We will be generating these examples using some of the example data. 


| Ex. 1 | Ex. 2 | Ex. 3 | Ex. 4 |
|----------|----------|----------|----------|
| <video src="assets/vs_assets/clip_1_short.mp4" controls width="300"></video> | <video src="assets/vs_assets/clip_2_short.mp4" controls width="300"></video> | <video src="assets/vs_assets/clip_3_short.mp4" controls width="300"></video> | <video src="assets/vs_assets/clip_4_short.mp4" controls width="300"></video> |


### 2.1 Generating Snow

We will use the recommended recipe from section 1 to generate a snow augmentation. Feel free to tweak the parameters and prompt. 

Original Video:

<video src="assets/vs_assets/clip_1_short.mp4" controls width="600"></video>

In [None]:
import os, json, sys

## Recipe
prompt = '''
A video of a winding four-lane divided highway cutting through a rural landscape of rolling hills blanketed in snow, with patches of icy pavement and snowbanks lining the shoulders. Leafless trees are dusted with fresh snow. A white sedan travels away from the camera in the right lane.

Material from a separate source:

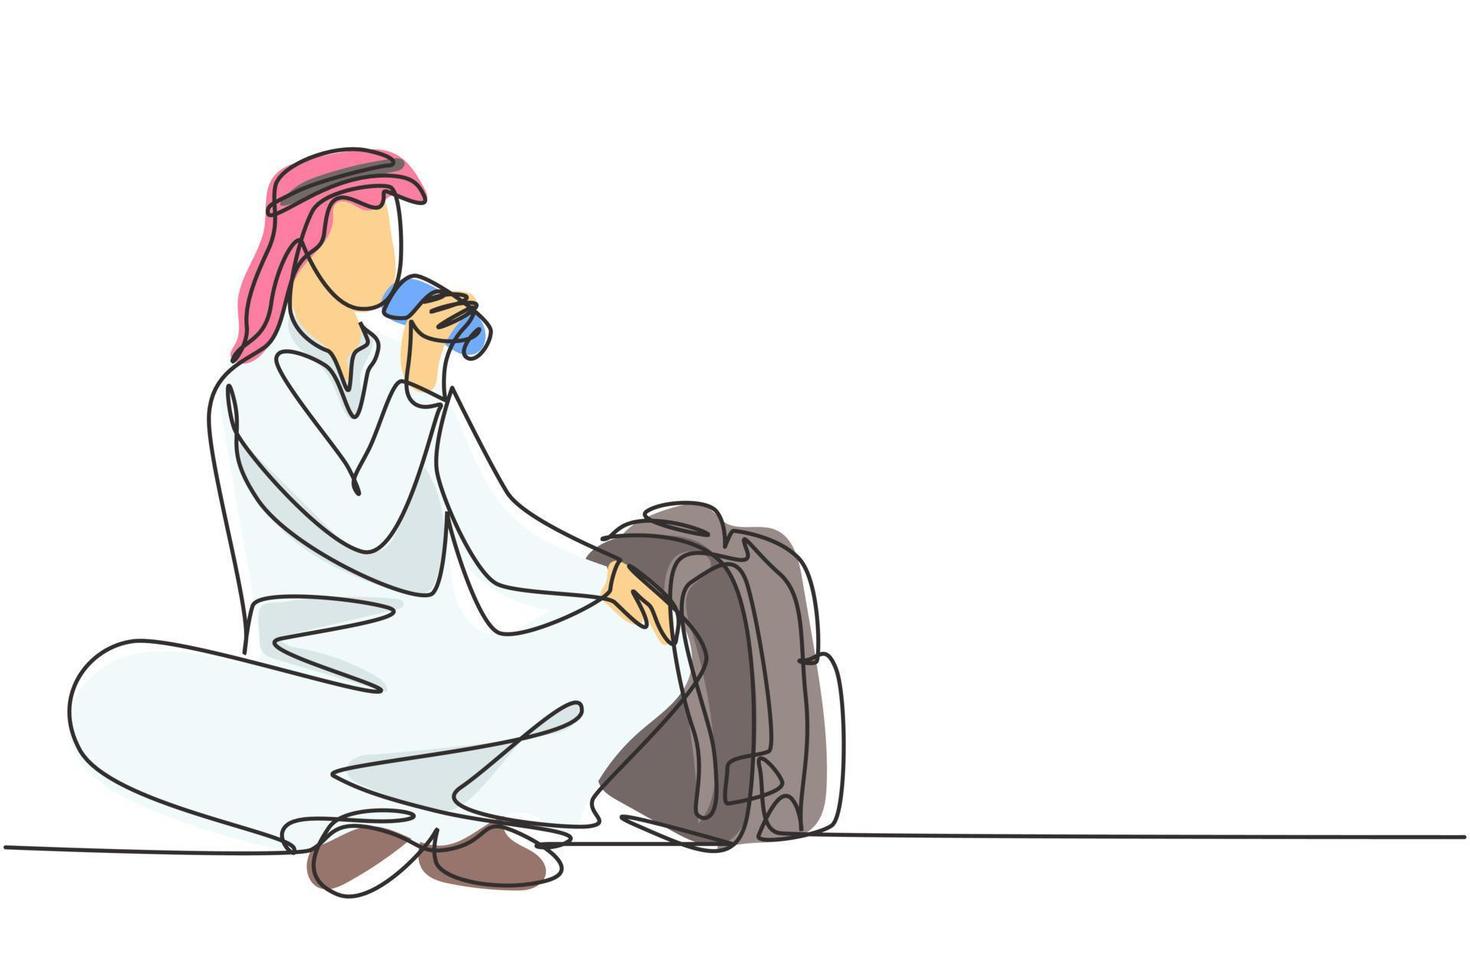 singolo disegno a tratteggio giovane uomo arabo seduto mentre si gode una bibita per rinfrescare e rilassare il corpo. concetto di adolescente attraente. illustrazione vettoriale grafica di disegno di disegno di linea continua moderna

The scene captures the flow of light traffic under a cold, gray, overcast winter sky.
'''

snow_augmentation = {
        "name": "ex_1_snow_augmentation", 
        "prompt_path": "../assets/other_av_assets/clip_1_snow_augment.txt", 
        "video_path": "../assets/vs_assets/clip_1_short.mp4", 
        "guidance": 3, 
        "edge": {"control_weight": 0.5},
        "depth": {"control_weight": 1.0}
    }

dest_prompt_path = "assets/other_av_assets/clip_1_snow_augment.txt"
dest_script_path = "scripts/clip_1_snow_augment.jsonl"

os.makedirs(os.path.dirname(dest_prompt_path), exist_ok=True)
os.makedirs(os.path.dirname(dest_script_path), exist_ok=True)

with open(dest_prompt_path, "w", encoding="utf-8") as f:
    f.write(prompt.strip() + "\n")

with open(dest_script_path, "w", encoding="utf-8") as f:
    f.write(json.dumps(snow_augmentation) + "\n")

print("Files written successfully!")



Files written successfully!


In [None]:
# Run CT2.5 
# WARNING: This should take a couple of minutes
!{sys.executable} cosmos_transfer2_5/examples/inference.py -i scripts/clip_1_snow_augment.jsonl -o outputs/clip_1_snow_augment 
# !torchrun --nproc_per_node=8 --master_port=12341 cosmos_transfer2_5/examples/inference.py -i scripts/clip_1_snow_augment.jsonl -o outputs/clip_1_snow_augment --disable-guardrails

In [2]:
from IPython.display import HTML

HTML(f"""
<video width="600" controls>
  <source src="outputs/clip_1_snow_augment/ex_1_snow_augmentation.mp4" type="video/mp4">
</video>
""")

### 2.2 Generating Morning Sunlight

We will use the recommended recipe from section 1 to generate a lighting augmentation. Feel free to tweak the parameters and prompt. 

Original Video:

<video src="assets/vs_assets/clip_2_short.mp4" controls width="600"></video>

In [6]:
## Recipe
prompt = '''
A video overlooking a roadway intersection in bright morning sunlight. Soft golden light casts long, gentle shadows across the pavement, replacing the earlier overcast atmosphere. In the foreground, a black SUV navigates a sweeping curved lane moving from right to left. Beyond a grassy median, a silver sedan travels along a multi-lane main road that runs past a large concrete building and leafless trees. The scene captures a quiet suburban traffic flow, with crisp visibility and the highway stretching into the distance under a clear early-day sky.
'''

fog_augmentation = {
        "name": "ex_2_lighting_augmentation", 
        "prompt_path": "../assets/other_av_assets/clip_2_lighting_augment.txt", 
        "video_path": "../assets/vs_assets/clip_2_short.mp4", 
        "guidance": 3, 
        "edge": {"control_weight": 1.0},
        "depth": {"control_weight": 0.9}
    }

dest_prompt_path = "assets/other_av_assets/clip_2_lighting_augment.txt"
dest_script_path = "scripts/clip_2_lighting_augment.jsonl"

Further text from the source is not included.